The daily La Nación last Thursday detailed ties between Janina del Vecchio and Anna Moscarelli, an Italian-born Swiss national who handled money for two men associated with the Cosa Nostra, an Italian mafia organization.

Moscarelli claims she did not know the money was tied to the mafia.

Del Vecchio, while working as the Costa Rican ambassador to Switzerland from 1994 to 1998, recommended Moscarelli to the Costa Rican Tourism Board as a “prestigious” investor whom she knew personally.

Moscarelli, once in Costa Rica, founded the investment group Grupo Papagayo and took out a $3 million loan from the Roman Catholic Church in Costa Rica, through the administrator of the Pastoral Services of the Episcopal Conference, according to La Nación.

Moscarelli told La Nación that del Vecchio sold her a BMW and, after returning from Switzerland, lived in her home and worked for her, facts not disputed by the public security chief.

La Nación also quoted Moscarelli in an interview as saying that she had told del Vecchio about the investigations into her alleged connections to Cosa Nostra, which del Vecchio denies.

However, in a statement released Friday morning,Moscarelli recanted, saying del Vecchio never knew about the allegations or Moscarelli’s dealings with the Italians and called the article “inexact and offensive.”

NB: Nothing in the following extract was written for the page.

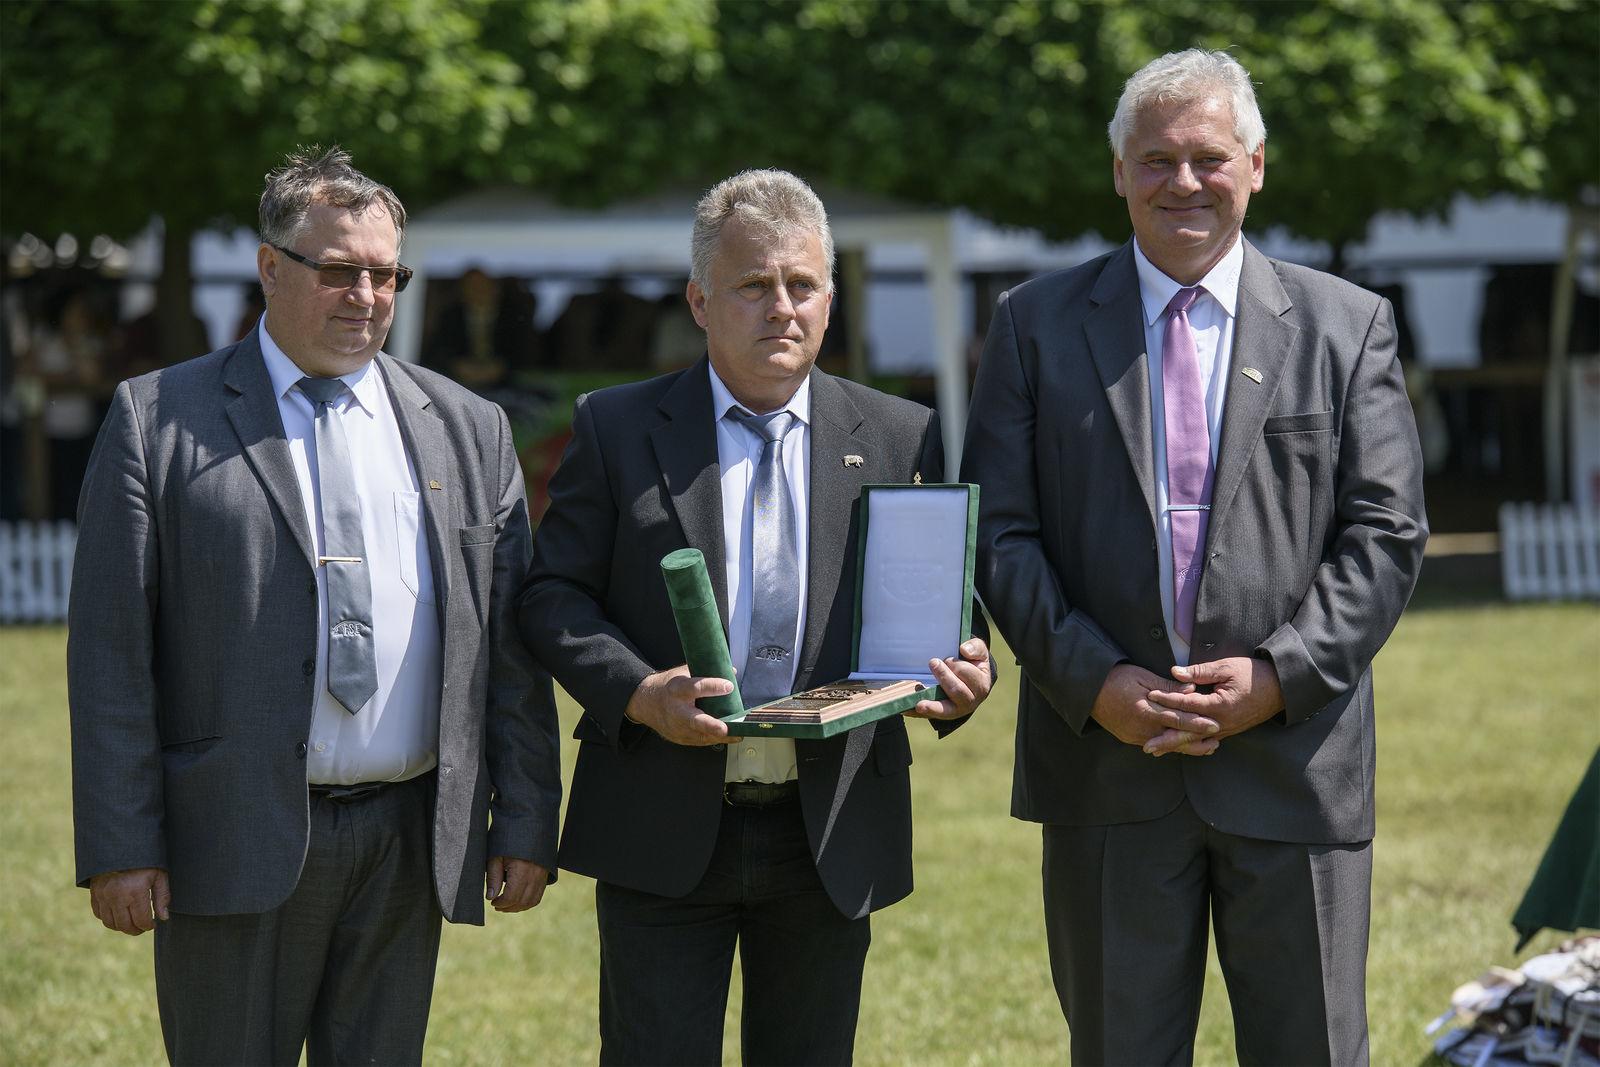 Az elismerést Kupi István (középen) vette át Kiss Györgytől, az MFSE elnökétől és Eicher Józseftől, az egyesület ügyvezető igazgatójától

In Friday’s press conference, a clearly perturbed del Vecchio repeatedly denied ever knowing about investigations into Moscarelli either as an ambassador or during their friendship, insisting her relationship with the woman was professional and legitimate.

The public security minister, a former math professor who was elected to the Legislative Assembly in 2006, was tapped to replace Fernando Berrocal after he was forced out over statements he made alleging Costa Rican political “sectors” had ties to the Revolutionary Armed Forces of Colombia (FARC), a Colombian rebel army.

Del Vecchio quickly found herself at odds with the Costa Rican press after declaring on her first day as minister that Costa Rica’s crime problem is not as bad as it seems.